The influence of health care policies and health care system distrust on willingness to undergo genetic testing.

Med Care 2012 May;50(5):381-7

Department of Medicine, University of Pennsylvania, Philadelphia, PA, USA.

Purpose: As the potential role of genetic testing in disease prevention and management grows, so does concern about differences in uptake of genetic testing across social and racial groups. Characteristics of how genetic tests are delivered may influence willingness to undergo testing and, if they affect population subgroups differently, alter disparities in testing.

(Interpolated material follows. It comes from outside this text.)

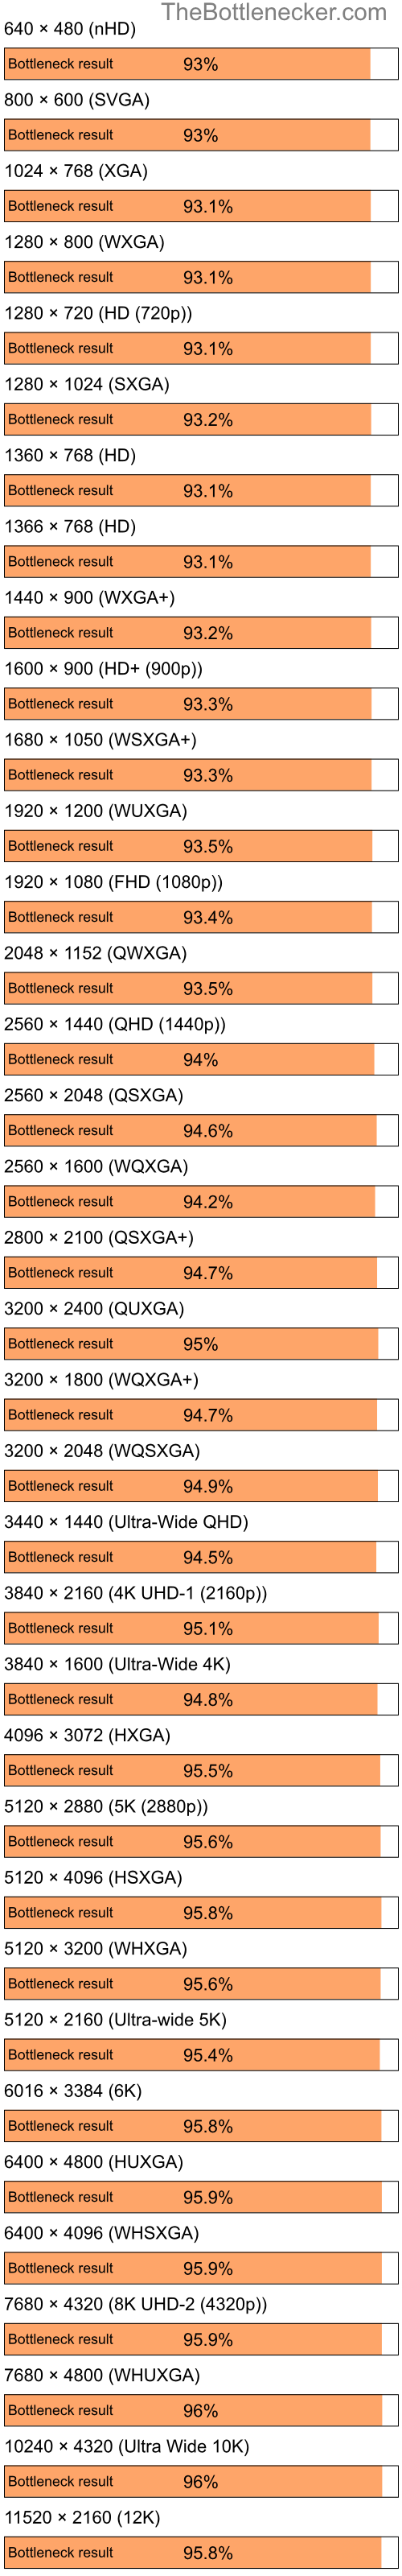 Bottleneck results by resolution for Intel Celeron M 410 and NVIDIA GeForce2 MX 100 in Graphic Card Intense Tasks

Methods: Conjoint analysis study of the effect of 3 characteristics of genetic test delivery (ie, attributes) on willingness to undergo genetic testing for cancer risk. Data were collected using a random digit dialing survey of 128 African American and 209 white individuals living in the United States. Measures included conjoint scenarios, the Revised Health Care System Distrust Scale (including the values and competence subscales), health insurance coverage, and sociodemographic characteristics. The 3 attributes studied were disclosure of test results to the health insurer, provision of the test by a specialist or primary care doctor, and race-specific or race-neutral marketing.

Results: In adjusted analyses, disclosure of test results to insurers, having to get the test from a specialist, and race-specific marketing were all inversely associated with willingness to undergo the genetic test, with the greatest effect for the disclosure attribute. Racial differences in willingness to undergo testing were not statistically significant (P=0.07) and the effect of the attributes on willingness to undergo testing did not vary by patient race. However, the decrease in willingness to undergo testing with insurance disclosure was greater among individuals with high values distrust (P=0.03), and the decrease in willingness to undergo testing from specialist access was smaller among individuals with high competence distrust (P=0.03).

Conclusions: Several potentially modifiable characteristics of how genetic tests are delivered are associated with willingness to undergo testing. The effect of 2 of these characteristics vary according to the level of health care system distrust, suggesting that policy decisions about delivery of genetic testing may influence differences in uptake across patient subgroups defined by levels of distrust rather than by race.